L’implantation des filles de la Sagesse
par Jacqueline Colleu
Diplômée de l’EHESS
Introduction
Pierre angulaire de la civilisation européenne, les congrégations religieuses ont façonné le mode de vie et de pensée des Français. Après un arrêt brutal de leur exercice du fait de la Révolution française en 1789, leur action est à nouveau contrecarrée par les gouvernements anticléricaux de la IIIe République, à tel point que le choix de l’expatriation se présente comme une éventuelle issue à leur survie.
Le Canada devient alors un pays d’accueil favorable à la poursuite de l’apostolat congréganiste. Religieux et religieuses s’y réfugient par milliers dont les filles de la Sagesse; une congrégation vendéenne fondée par le Père de Montfort.
Au tournant du XXe siècle, la mutation forcée des filles du Père de Montfort devient alors le tremplin d’un nouvel élan religieux particulièrement expansionniste sur ces immenses territoires perçus comme lieux de refuge et souvent de mission.
Le fondateur
Louis-Marie Grignion naît en 1673 à Montfort-la-Cane, en Bretagne. Sa famille de petite noblesse est peu fortunée, mais soucieuse de donner une éducation chrétienne à sa nombreuse progéniture. À douze ans, il entre au collège des Jésuites de Rennes où il rencontre Louis-Bertrand Gérard, futur jésuite et missionnaire au Canada. À vingt ans, il fait l’apprentissage de la vie sacerdotale au séminaire de Saint-Sulpice. Dans cet établissement, alors au faîte de sa renommée, il acquiert une solide formation spirituelle et intellectuelle avant d’être ordonné prêtre en 1700.
Jeune prêtre, il choisit à l’exemple de ses condisciples « d’évangéliser les populations païennes ». Or, à cette époque, quelques communautés religieuses françaises sont implantées au Canada dont les Jésuites et les Sulpiciens1.Comme première mission, il demande Montréal. Demande rejetée de crainte, dit-on, « que l’abbé Grignion, se laissant emporter par l’impétuosité de son zèle, se perdit dans les vastes forêts de ce pays, en courant chercher les sauvages2» Il faut ajouter à cette boutade que Grignion manquait de fortune nécessaire à une expatriation en Nouvelle-France. Obstiné, il réitère sa demande auprès du pape. Clément XI lui répond qu’il a « un assez grand champ en France pour exercer son zèle » tout en lui donnant le titre envié de missionnaire apostolique. Probablement déçu d’avoir échoué par deux fois, mais obéissant, Louis-Marie Grignion missionne désormais Bretagne et Poitou où les effets de la réforme catholique, issue du Concile de Trente, s’étaient estompés.
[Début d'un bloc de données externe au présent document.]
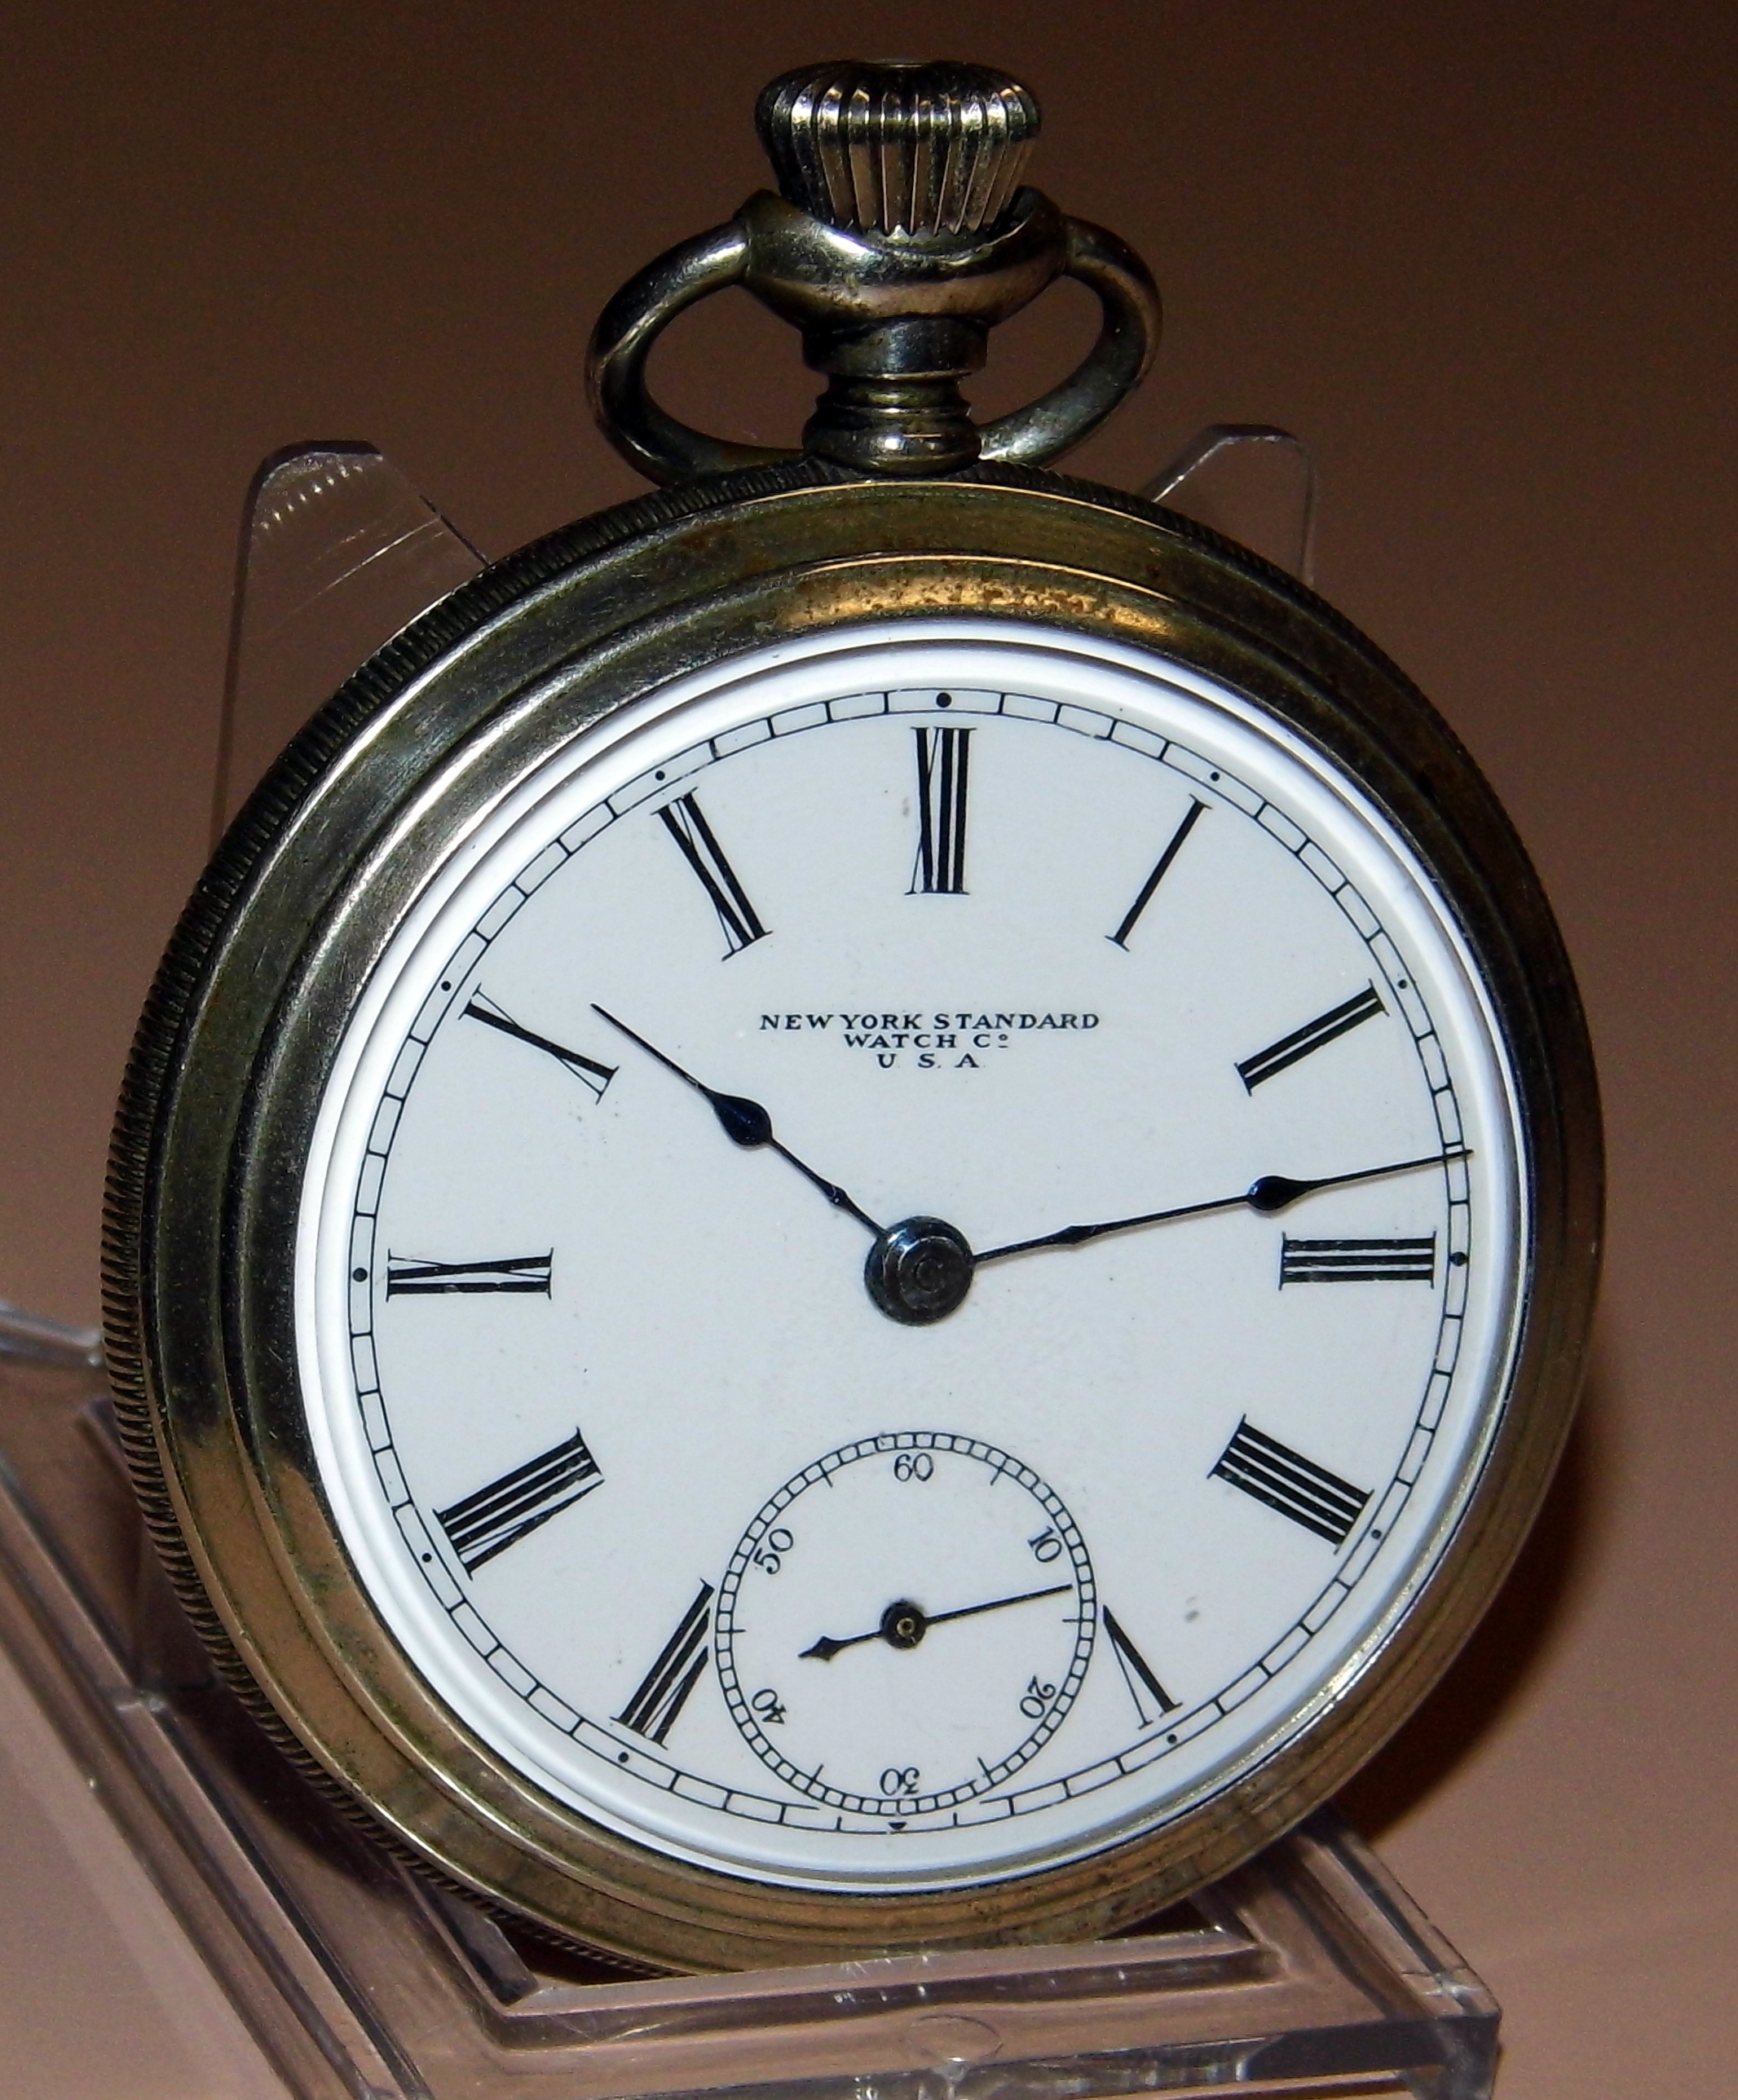 Dating new york standard pocket watch - matt boggs why men pull away when dating

Il s’emploie également avec empressement à « fonder des familles religieuses pour continuer ses œuvres ».
La fondation de la congrégation
Dès lors, Louis-Marie Grignion, plus communément appelé Père de Montfort, nom de son village d’origine, crée rapidement les conditions favorables à la formation d’une famille spirituelle capable de relayer son action auprès des plus pauvres et de la pérenniser. Il fonde à Poitiers une association de femmes pieuses et laïques appelée « Sagesse », terme choisi en opposition à la folie du monde environnant. Cette petite communauté devient l’embryon de la congrégation des Filles de la Sagesse3. Sa première recrue, Marie-Louise Trichet, future Mère Marie-Louise de Jésus, y reçoit l’Habit et la Règle de l’ordre, en 1703. Intelligente et dévouée, elle est l’instigatrice de la Congrégation.
À compter de 1703 jusqu’à sa mort en 1716, Montfort, accompagné de quelques fidèles, mène de front activité missionnaire et œuvres charitables. Initialement aumônier4 de l’hôpital général de Poitiers, il commence à soigner les malades et les indigents que le « grand enfermement », une série de disettes et le redoutable hiver 1709, avaient multipliés. En un second temps, il oriente son action vers l’instruction des pauvres dans les « petites écoles5 ». Mgr de Champflour, évêque de La Rochelle, lui offre l’opportunité de « pourvoir à l’éducation chrétienne » des filles de la ville, alors que l’école des garçons est proposée à une communauté religieuse récemment fondée au Canada par François Charron de la Barre. Sur son ordre, Mère Marie-Louise quitte l’hôpital de Poitiers et vient diriger l’école de La Rochelle. Un an plus tard, Montfort meurt au cours d’une mission à Saint-Laurent-sur-Sèvre en Vendée où il est enterré. Sa tombe devient un lieu de recueillement et de vénération.
Les premières années
Quelques années plus tard, Mère Marie-Louise élit ce village pour y construire la Maison-Mère. Une communauté prend forme. Les religieuses ne sont pas moins de quarante en 1734, lorsque Mgr Dosquet, sulpicien, nommé Évêque de Québec, propose d’« établir en Canada des filles de la Sagesse ». Puis, il se ravise, jugeant peu « prudent de faire partir des filles sans qu’elles fussent assurées d’un logement et d’un revenu pour subsister », même s’il donne comme exemple de réussite en Nouvelle-France « la sœur Bourgeoys… venue à bout d’y faire un établissement considérable, qui fait de grands fruits dans le diocèse ». On doit constater que des tentatives régulières de rencontre sont amorcées des deux côtés de l’Atlantique mais sans aucune concrétisation.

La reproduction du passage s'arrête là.